→ Task instructions
The reply must consist of the complete listing, reproduced exactly, with no images included.

→ Dataset content
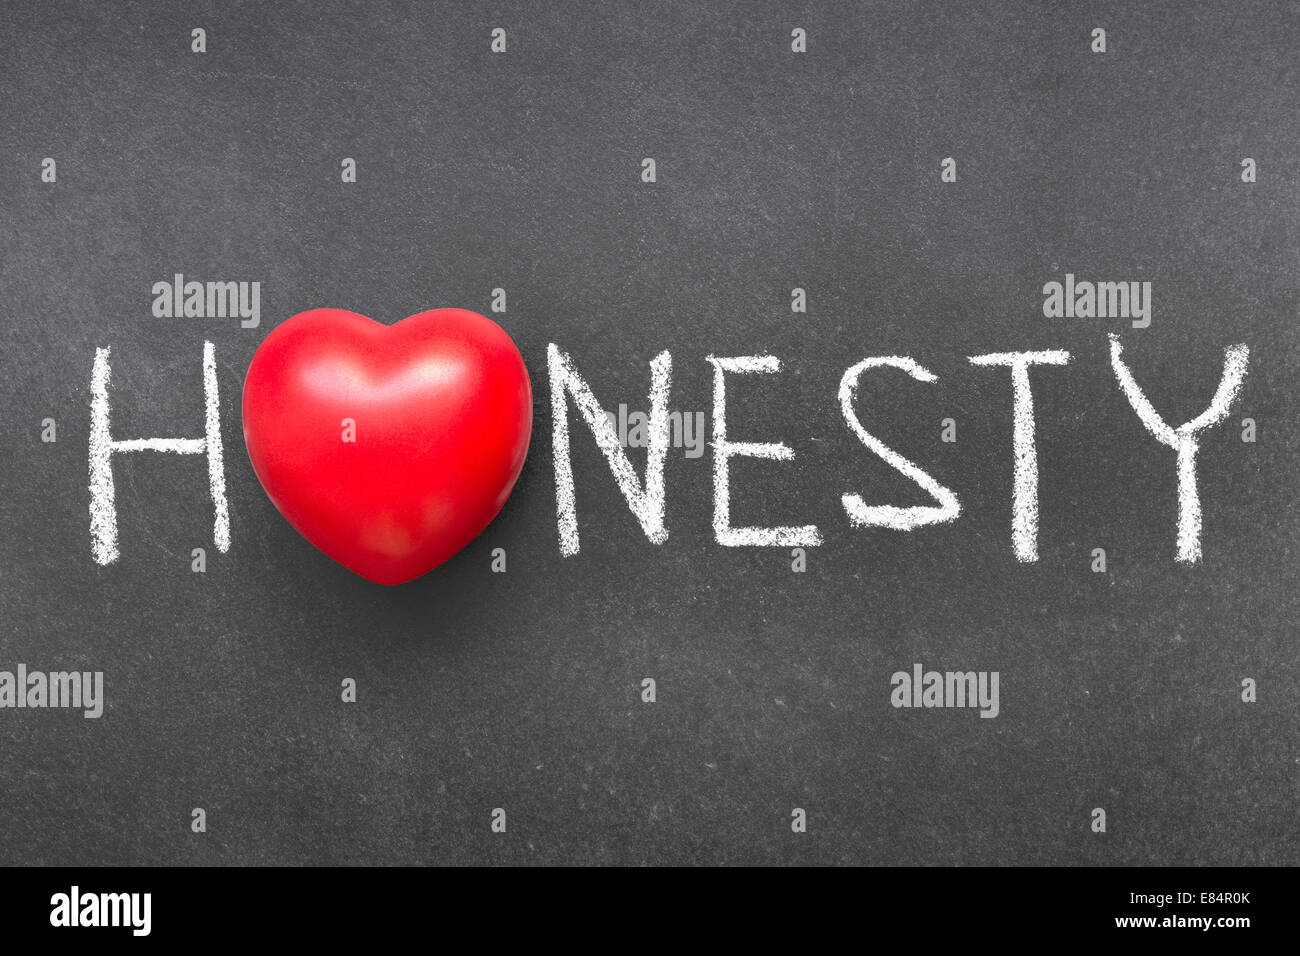 Ehrlichkeit-Wort handschriftlich auf Tafel mit Herzsymbol statt O Stockfoto
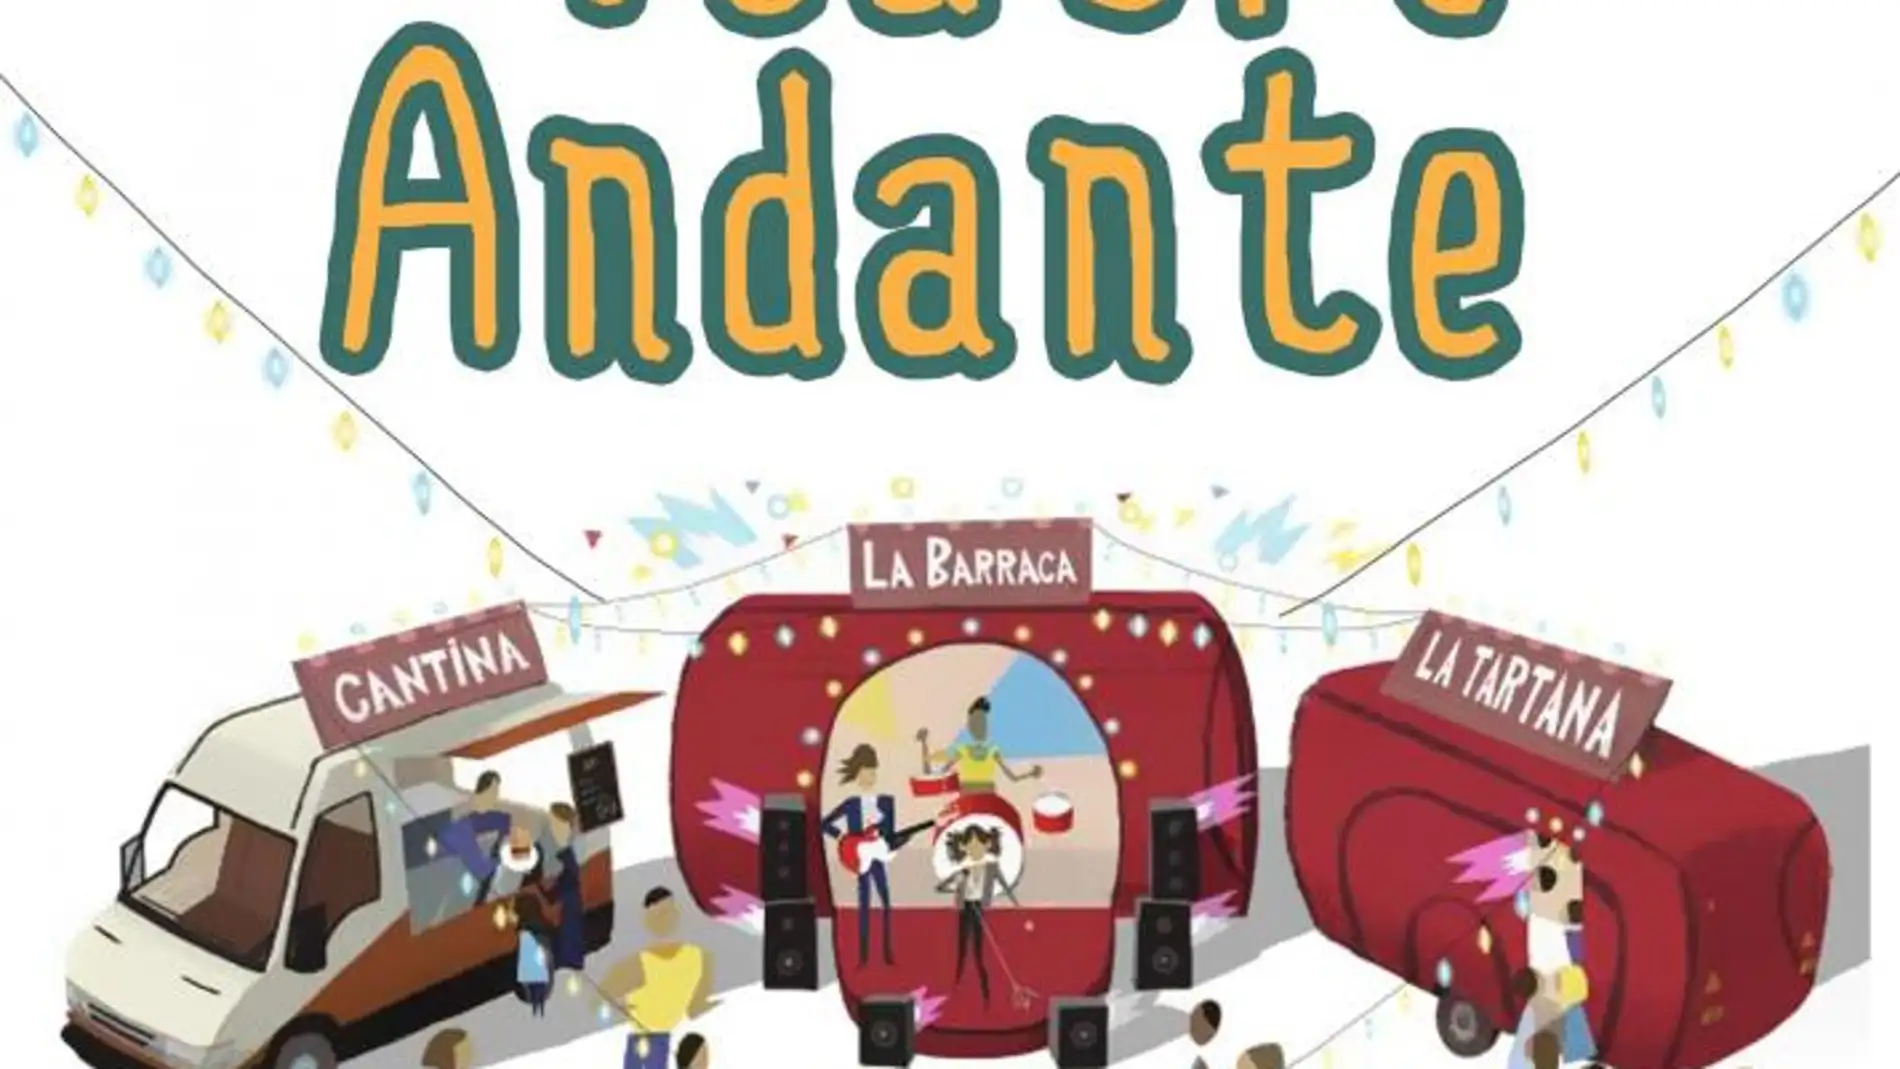 El Teatro Andante ya recorre la provincia de Albacete, ¿te apuntas?
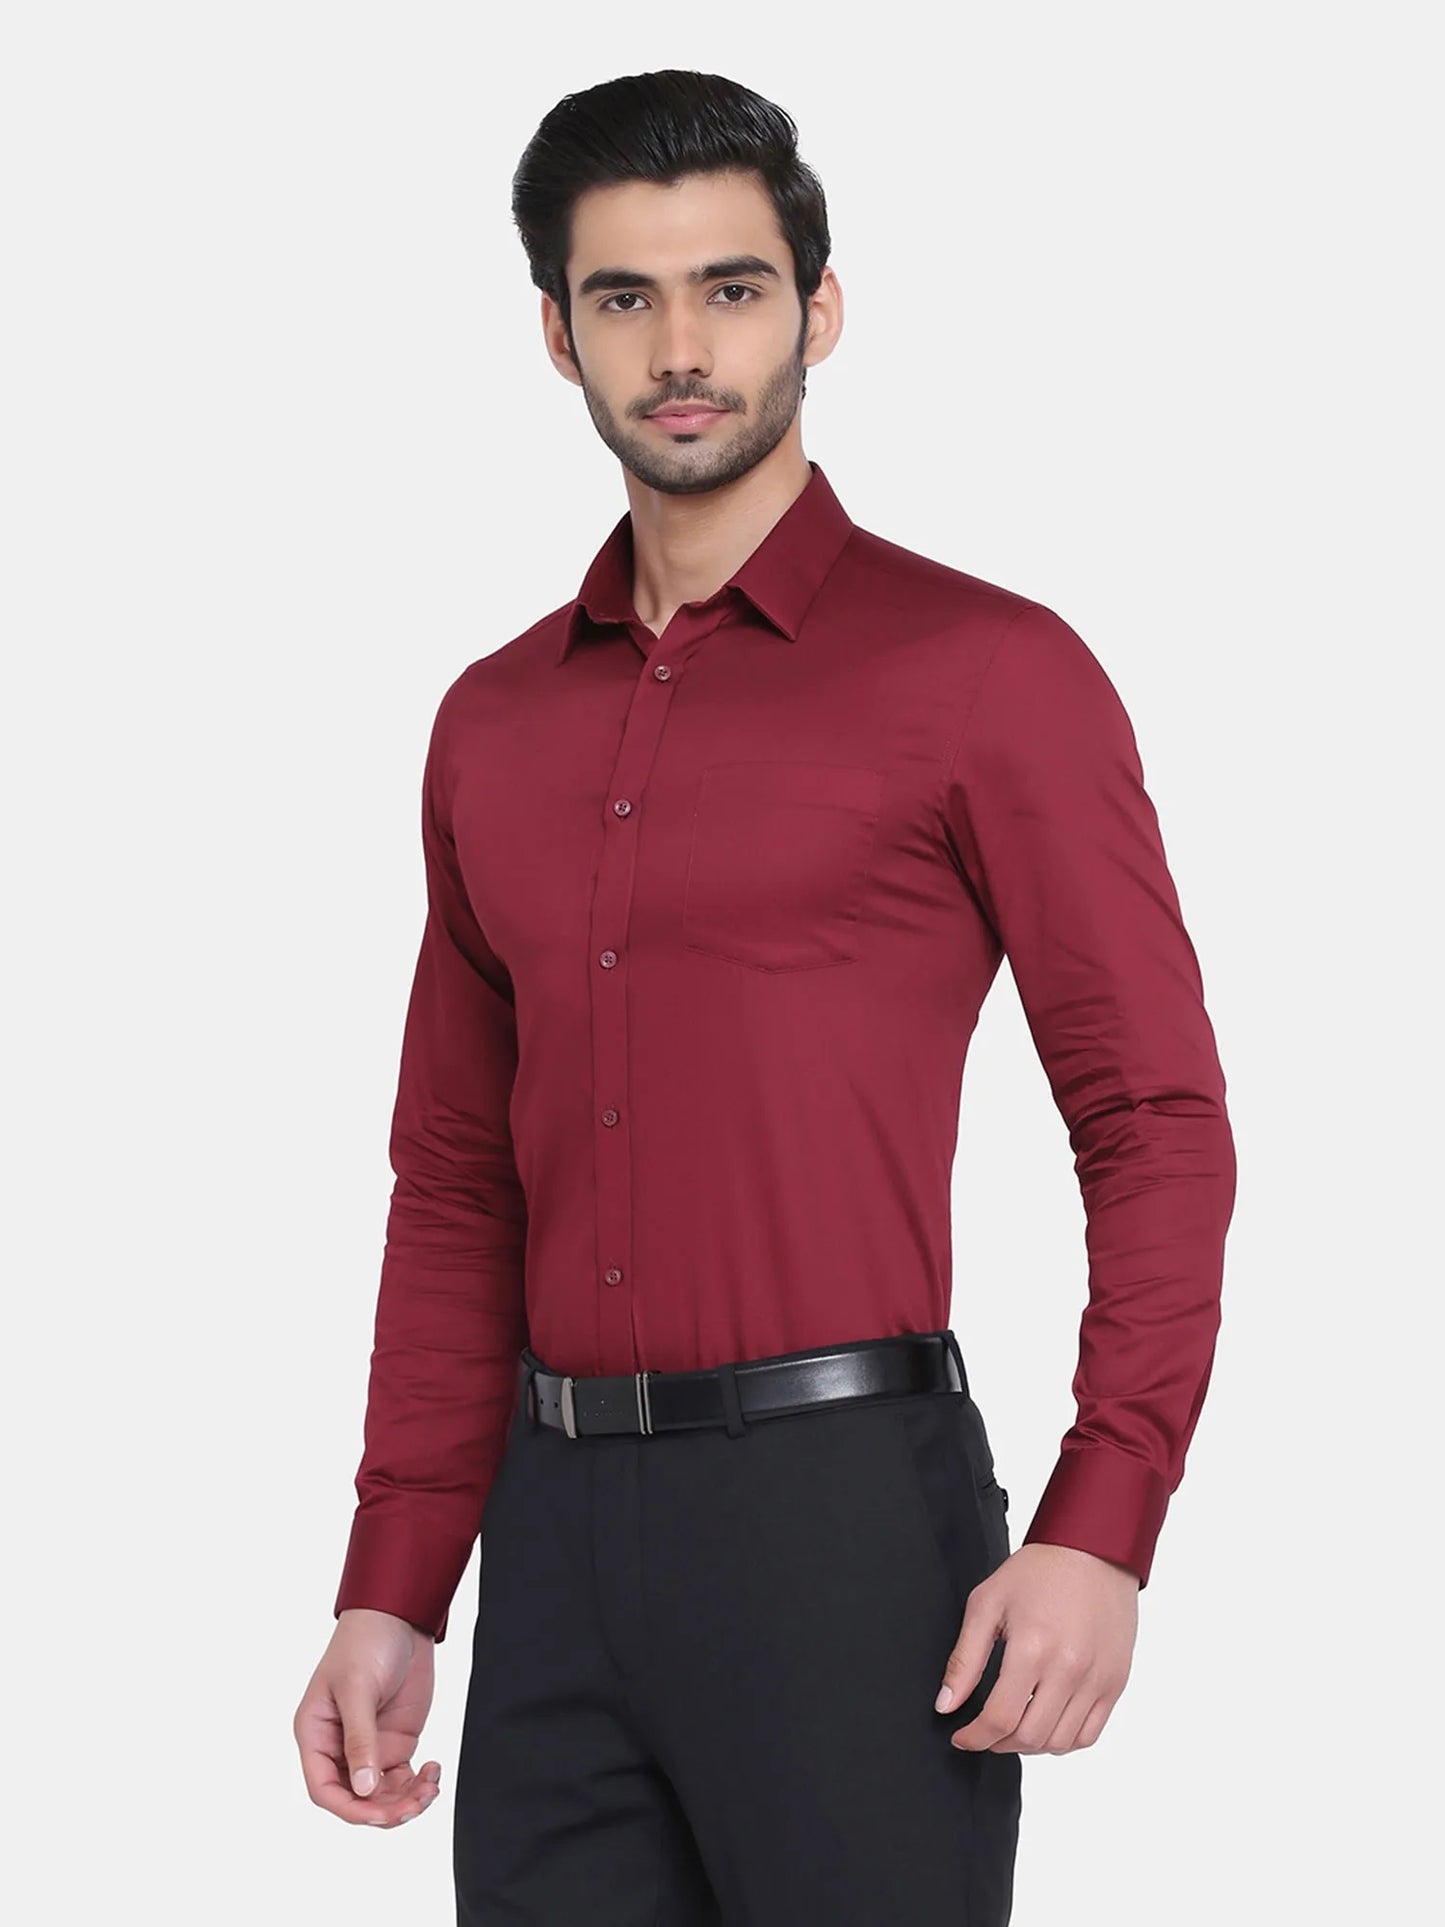 OLMA Men Regular Fit Solid Spread Collar Formal Shirt (Full Sleeve, Maroon)

→ Task answer
 Ehrlichkeit-Wort handschriftlich auf Tafel mit Herzsymbol statt O Stockfoto
 El Teatro Andante ya recorre la provincia de Albacete, ¿te apuntas?
 OLMA Men Regular Fit Solid Spread Collar Formal Shirt (Full Sleeve, Maroon)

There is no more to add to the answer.